NOTE: n is number in *each* group

The power is about 0.68. (Give about one more decimal if you prefer.)

You’ll recall that we don’t say which one side we want to reject for. The way power.t.test does it is to assume the first population has the bigger mean, which is why I said to use a positive delta. (Otherwise you’ll get an extremely small power, which corresponds to concluding that the population with the smaller mean actually has the bigger one, which you could imagine is not going to happen much.)

\(\blacksquare\)

  1. Find the sample size needed to obtain a power of 0.75. Comment briefly on whether your sample size makes sense.

Solution

The coding part is not meant to be hard: take what you just did, and replace the n with the power you are shooting for:

power.t.test(power = 0.75, delta = 25-20, sd = 9, type = "two.sample", alternative = "one.sided")

     Two-sample t test power calculation 

              n = 35.55396
          delta = 5
             sd = 9
      sig.level = 0.05
          power = 0.75
    alternative = one.sided

NOTE: n is number in *each* group

The required sample size is 36 in each group, which, were you doing this on an assignment, you would need to say. (Remember also to round up to the next whole number, since you want at least that much power.)

As to why the answer makes sense, well, before we had a sample size of 30 in each group and a power about 0.68. Our target power here was slightly bigger than that, and to increase the power (all else fixed) we need to increase the sample size as well. The sample size needed is slightly bigger than 30, which matches with the power desired being slightly bigger than 0.68.

\(\blacksquare\)

  1. Reproduce your power result from Question 1 by simulation. Some things to consider:
  • you will need to generate two columns of random samples, one from each population
  • t.test can also run a two-sample \(t\)-test by giving the two columns separately, rather than as we have done it before by having a column with all the measurements and a separate column saying which group they came from.
  • you will need to get the right alternative.

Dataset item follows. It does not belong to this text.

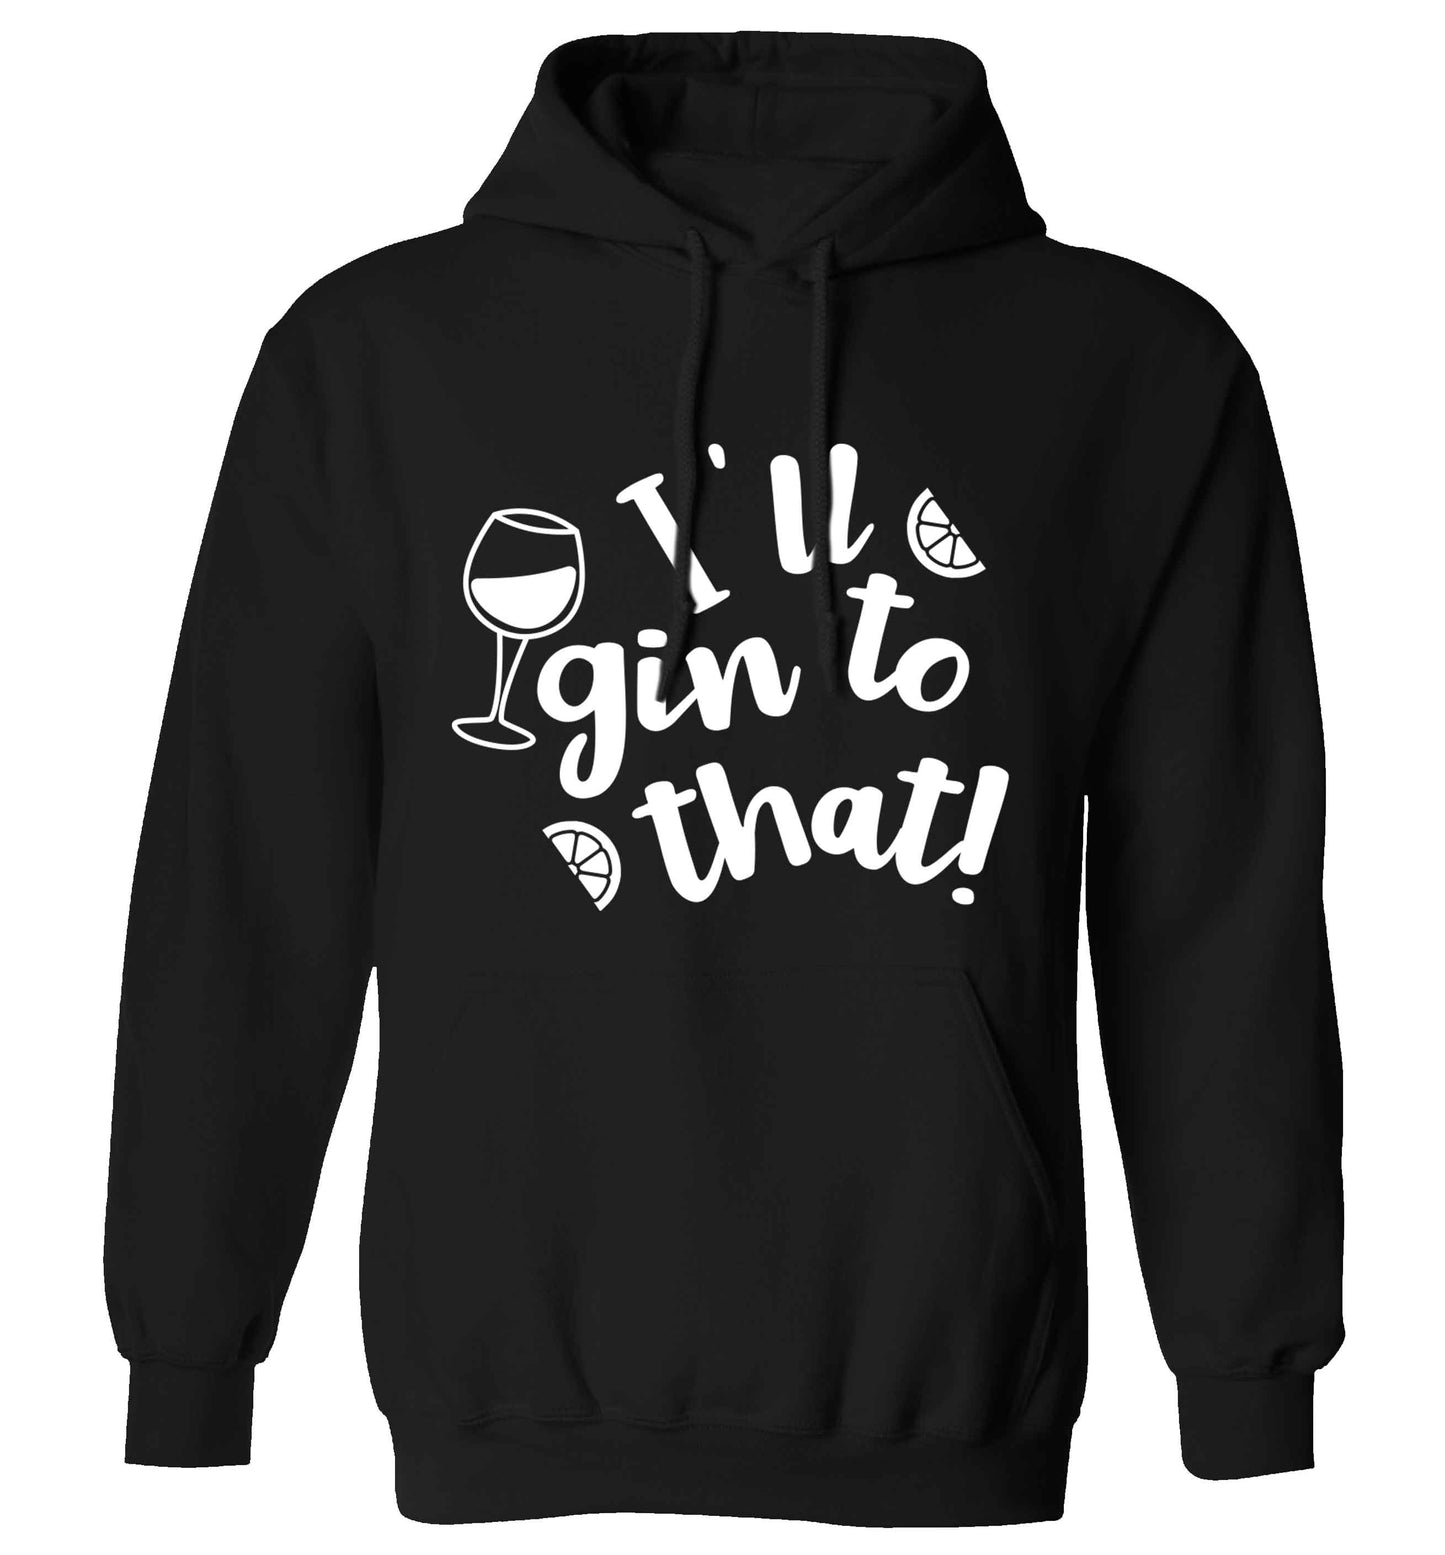 I'll gin to that! adults unisex black hoodie 2XL

With two columns input like this, the alternative is relative to the column you give first.

Solution

With all that in mind, something like this:

tibble(sim = 1:1000) %>% 
  rowwise() %>% 
  mutate(sample1 = list(rnorm(30, 20, 9)),
         sample2 = list(rnorm(30, 25, 9))) %>% 
  mutate(my_test = list(t.test(sample1, sample2, alternative = "less"))) %>% 
  mutate(p_val = my_test$p.value) %>% 
  count(p_val <= 0.05)

My estimated power is 0.675, entirely consistent with Question 1. The rule of thumb says that with 1000 simulations, our estimated power here should be within 0.03 of the correct answer, 95% of the time. If your answer here is not between about 0.650 and 0.720, that would be a good reason to look at your code carefully. Did you miss something, like the alternative?

Code notes:

  • generate two columns of random samples, one from each population
  • feed the two columns of samples into t.test. The first population actually had the smaller mean, so that is the one side that you would like the test to reject in favour of.

\(\blacksquare\)

  1. Give an example of a situation where the simulation approach could be used and power.t.test not.

Solution

In my solution to the first question I said

“Note first that power.t.test works here because (i) the populations have normal distributions, (ii) the SDs are the same, (iii) the sample sizes from each population are the same.”

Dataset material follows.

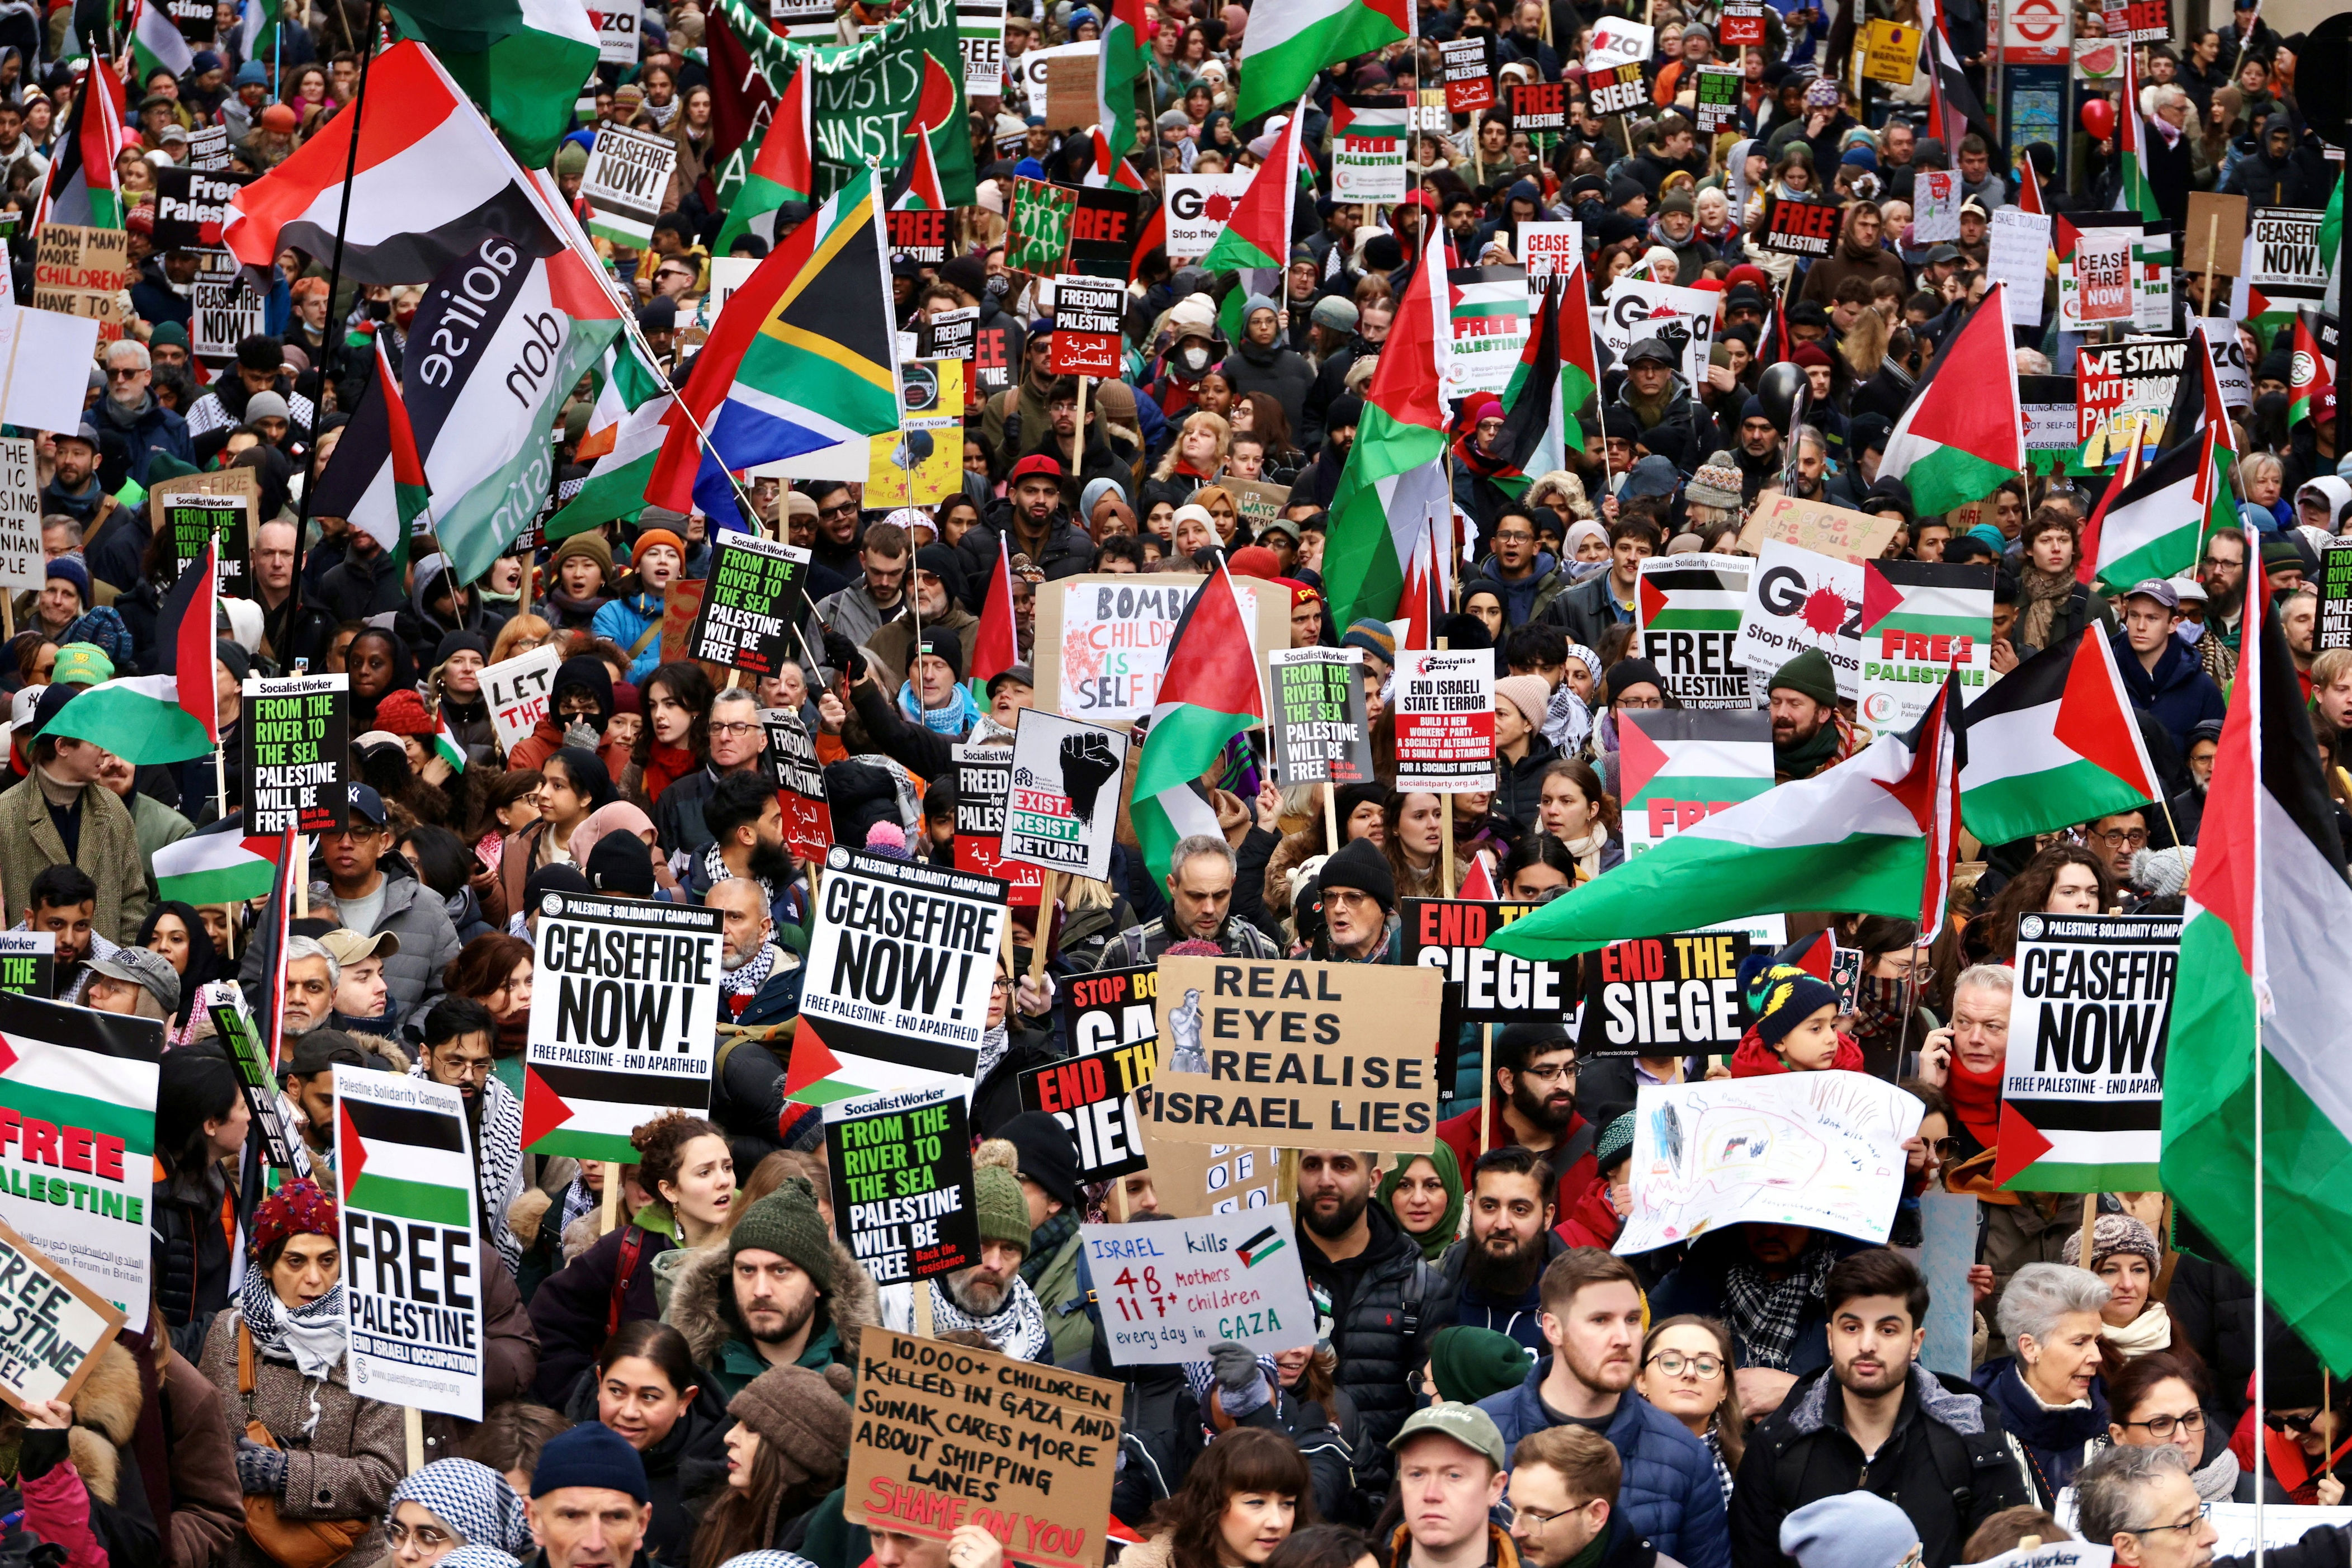 thousands attend pro-palestine protest as police warn of crackdown on slogans

These all need to be true in order to use power.t.test, so to answer this one, describe a situation where one of them fails, eg:

  • the population distributions are something other than normal (“child psychology revisited” is an example of this)
  • the two populations have different SDs (spreads). I think power.t.test is using the pooled test behind the scenes.
  • the sample sizes are different (for example, sampling from one population might be more expensive than sampling from the other, and you might want to achieve a certain power with one sample size being twice the other).

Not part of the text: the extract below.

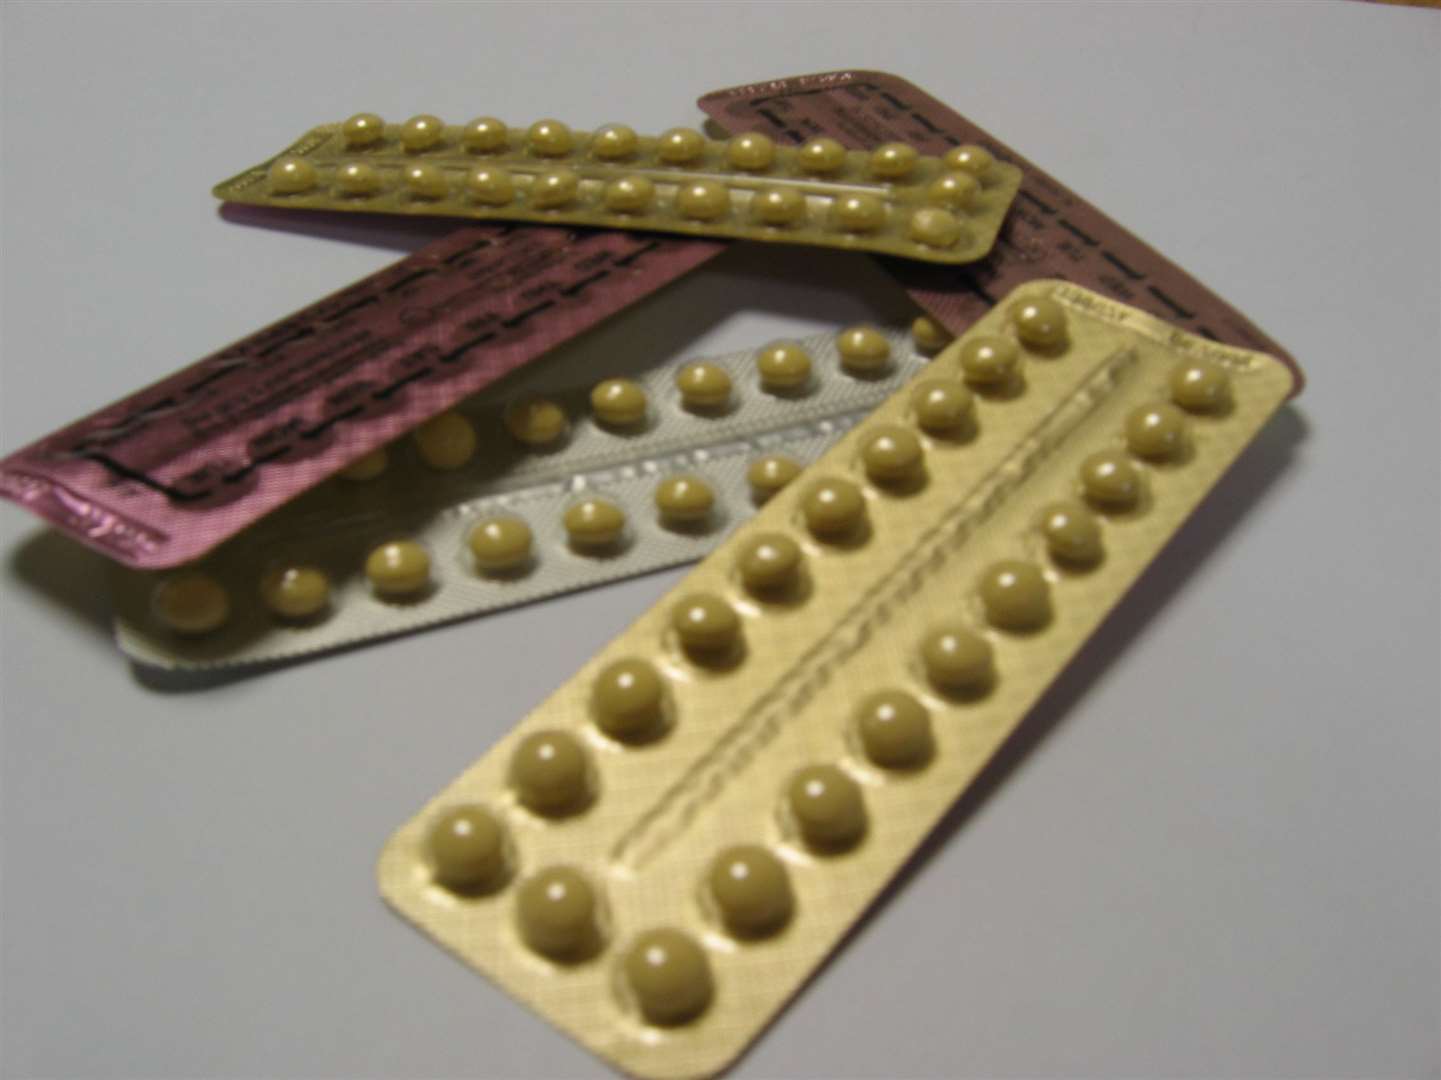 There has been a lack of investment in contraceptive services over the past few decades. Stock picture

It is also worth noting that you could make these changes in your simulation code without great difficulty:

  • change rnorm to something else
  • change the 9’s in rnorm to something else (the one in sample1 different from the one in sample2)
  • change the 30’s in rnorm to something else.

\(\blacksquare\)

The thickness of stamps

Collectors of postage stamps know that the same stamp may be made from several different batches of paper of different thicknesses. Our data set, in http://ritsokiguess.site/datafiles/stamp.csv, contains the thickness, in millimetres, of each of 485 stamps that were printed in 1872. It is suspected that the paper used in that year was thinner than in previous years.

  1. Read in and display (some of) the data.

Solution

Very much the usual:

my_url <- "http://ritsokiguess.site/datafiles/stamp.csv"
stamp <- read_csv(my_url)
Rows: 485 Columns: 1
── Column specification ────────────────────────────────────────────────────────
Delimiter: ","
dbl (1): Thickness

ℹ Use `spec()` to retrieve the full column specification for this data.
ℹ Specify the column types or set `show_col_types = FALSE` to quiet this message.
stamp

Note for yourself that there is one column called Thickness with an uppercase T, and that the thicknesses appear to be arranged in ascending order.

\(\blacksquare\)

  1. Make a suitable graph of these data. Justify your choice briefly.

Solution

The obvious justification and graph is that you have one quantitative variable, so that what you need is a histogram. This is absolutely fine:

ggplot(stamp, aes(x = Thickness)) + geom_histogram(bins = 10)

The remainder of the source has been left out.